The plaintiffs’ lawsuit, filed in May 2012 in Los Angeles Superior Court, alleges the laws violate students’ constitutional rights to an equal education. The lawsuit names the state and two teacher unions that later intervened as defendants, the California Teachers Association and the California Federation of Teachers. Deputy Attorney General Nimrod Elias countered that the laws protecting teacher tenure help school districts statewide attract teachers who might otherwise be dissuaded by what they may consider low pay and difficult working conditions. He said there is no evidence of a connection between the laws and the poor academic performances by students at some poor and minority schools. “Striking down these laws will not end that achievement gap,” Elias said.
Elias said the students’ lawyers are using extreme examples in the Los Angeles and Oakland districts to make points that are not representative of how teacher tenure laws are working statewide. Lawyer James Finberg, representing the teacher unions, said the laws help prevent teachers from being hired and retained for reasons involving favoritism and politics. “When teachers are provided the support they need, they excel,” Finberg said.
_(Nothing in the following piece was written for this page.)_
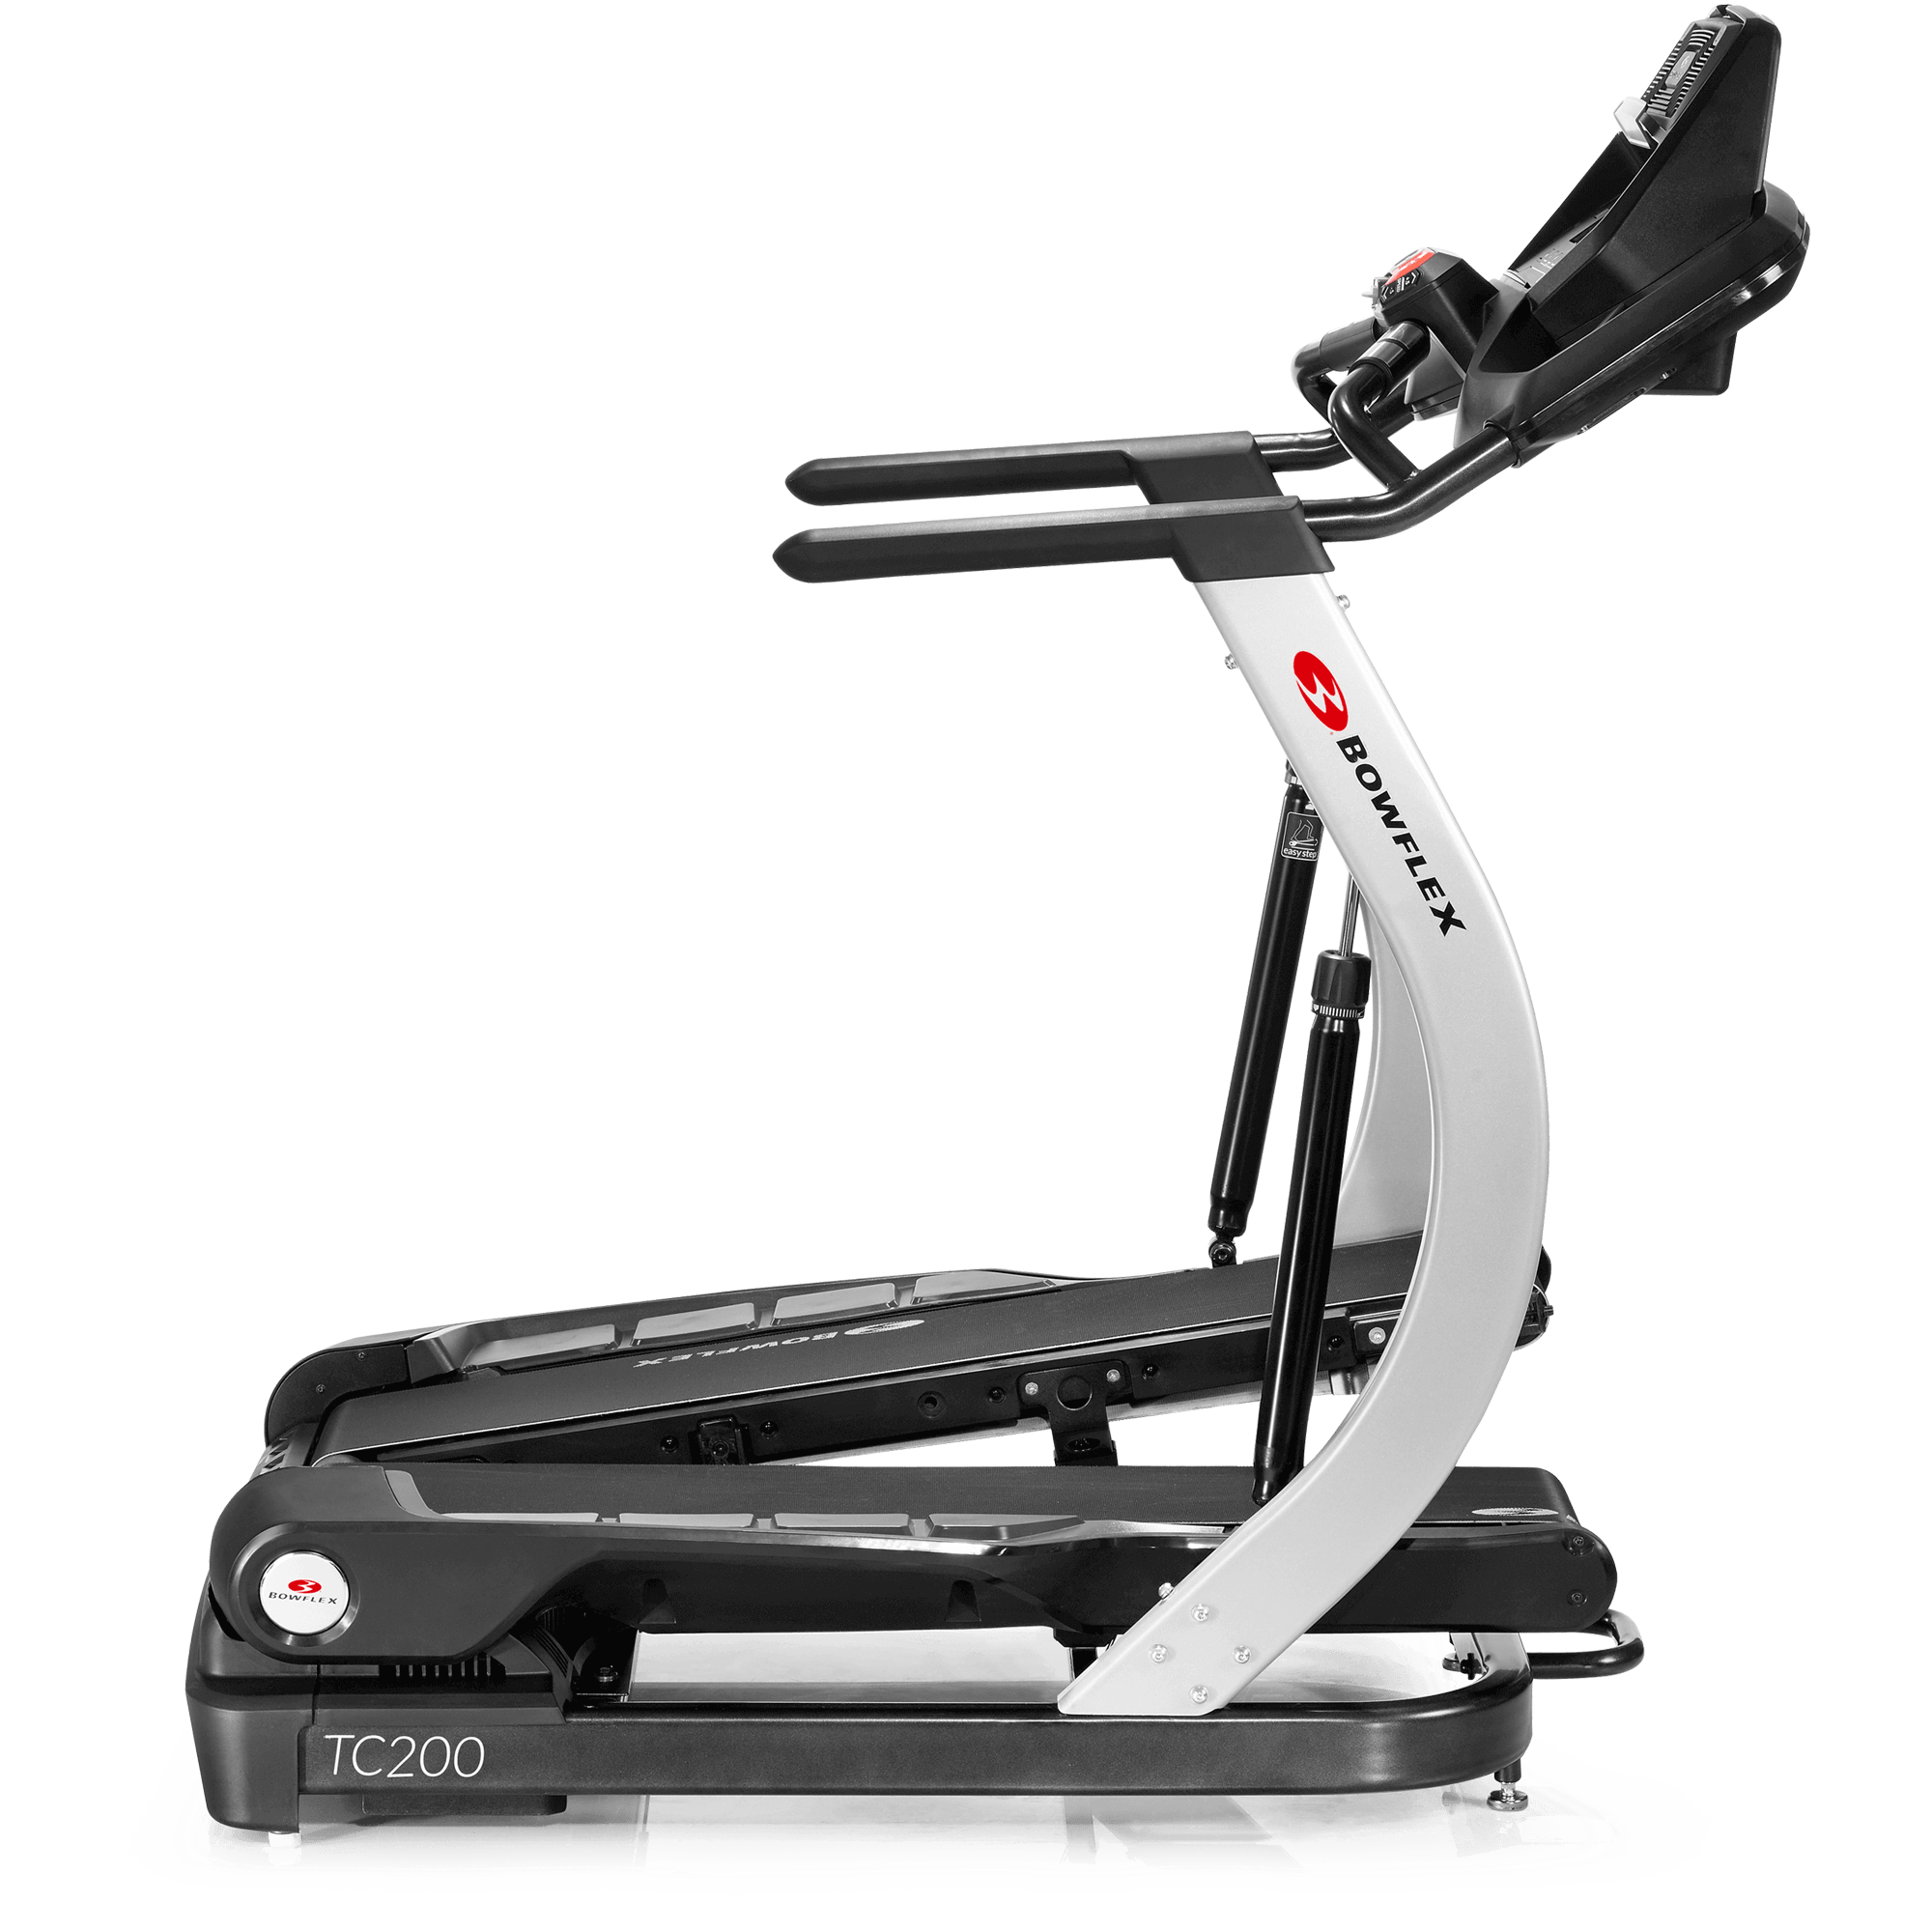 Bowflex Nautilus Residential Treadmill Treadclimber Right Guide Belt

A Pasadena schoolteacher named in the suit as ineffective by one of the plaintiffs recently was named teacher of the year in her district, Finberg said. But according to Boutrous, teachers can obtain tenure in as little was 16 months, far less time than required in many other states. “It’s a broken system that is not working,” he said. One of the plaintiffs complained of a teacher sleeping in class, calling Latino children “cholos” and spending learning time showing YouTube videos, Boutrous said. Minority students are the most negatively affected by teachers who do not do their jobs properly, he said. “They fall far behind their peers academically,” Boutrous said, arguing that the five laws targeted in the suit are a direct cause of the problem. “They shackle and preclude ... districts from acting in the best interests of their students,” he said.